B Ziel und Aufbau der Arbeit
Ziel dieser Arbeit soll es sein eine Gegenüberstellung internationaler Atomhaftungsregularien mit den nationalen Ausführungen des deutschen Atomrechts anzufertigen. Diese Arbeit soll den Leser somit in die Lage versetzen einen fundierten Überblick über die Schadenshaftung von Betreibern zu erhalten, sowie die Rechte und Möglichkeiten eines geschädigten Dritten zu verstehen, was für einen fundierten Vergleich der Atomgesetzeslage in Deutschland notwendig ist.

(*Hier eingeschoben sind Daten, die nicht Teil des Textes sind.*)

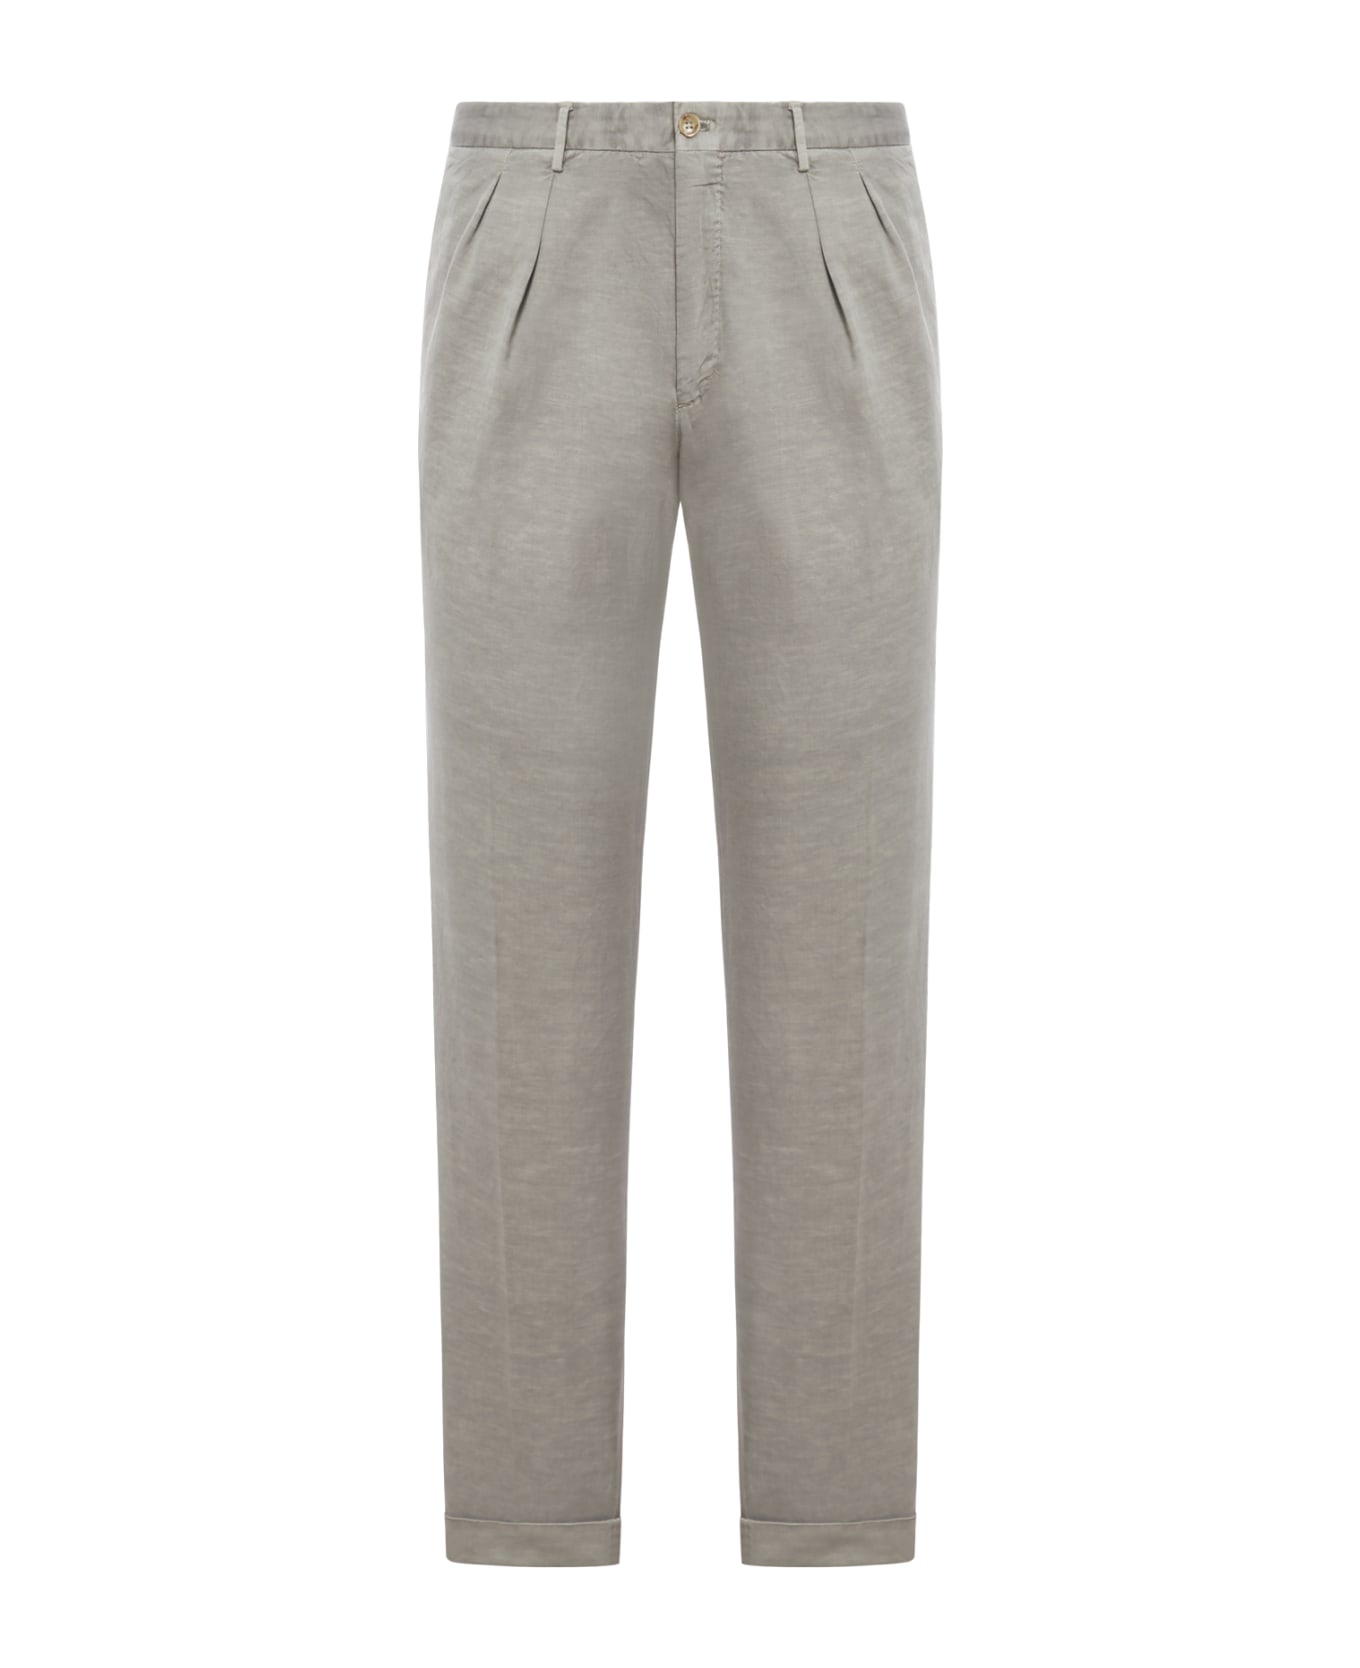 Incotex Pants - Medium Grey

Es geht dabei in erster Linie um die Fragestellung, welche Verpflichtungen deutsche Kernkraftwerksbetreiber im Falle eines Schadeneintrittes zu erfüllen haben und welche damit verbundenen Rechte seitens der Geschädigten durchgesetzt werden können. Zwecks Eingrenzung des Themas wird auf Schadensszenarien in Bezug auf den Transport radioaktiver Stoffe zu Land, auf See oder in der Luft nicht eingegangen. Ebenfalls Schädigungen aus Forschungseinrichtungen oder medizinischen Institutionen sind nicht Bestandteil dieser Arbeit.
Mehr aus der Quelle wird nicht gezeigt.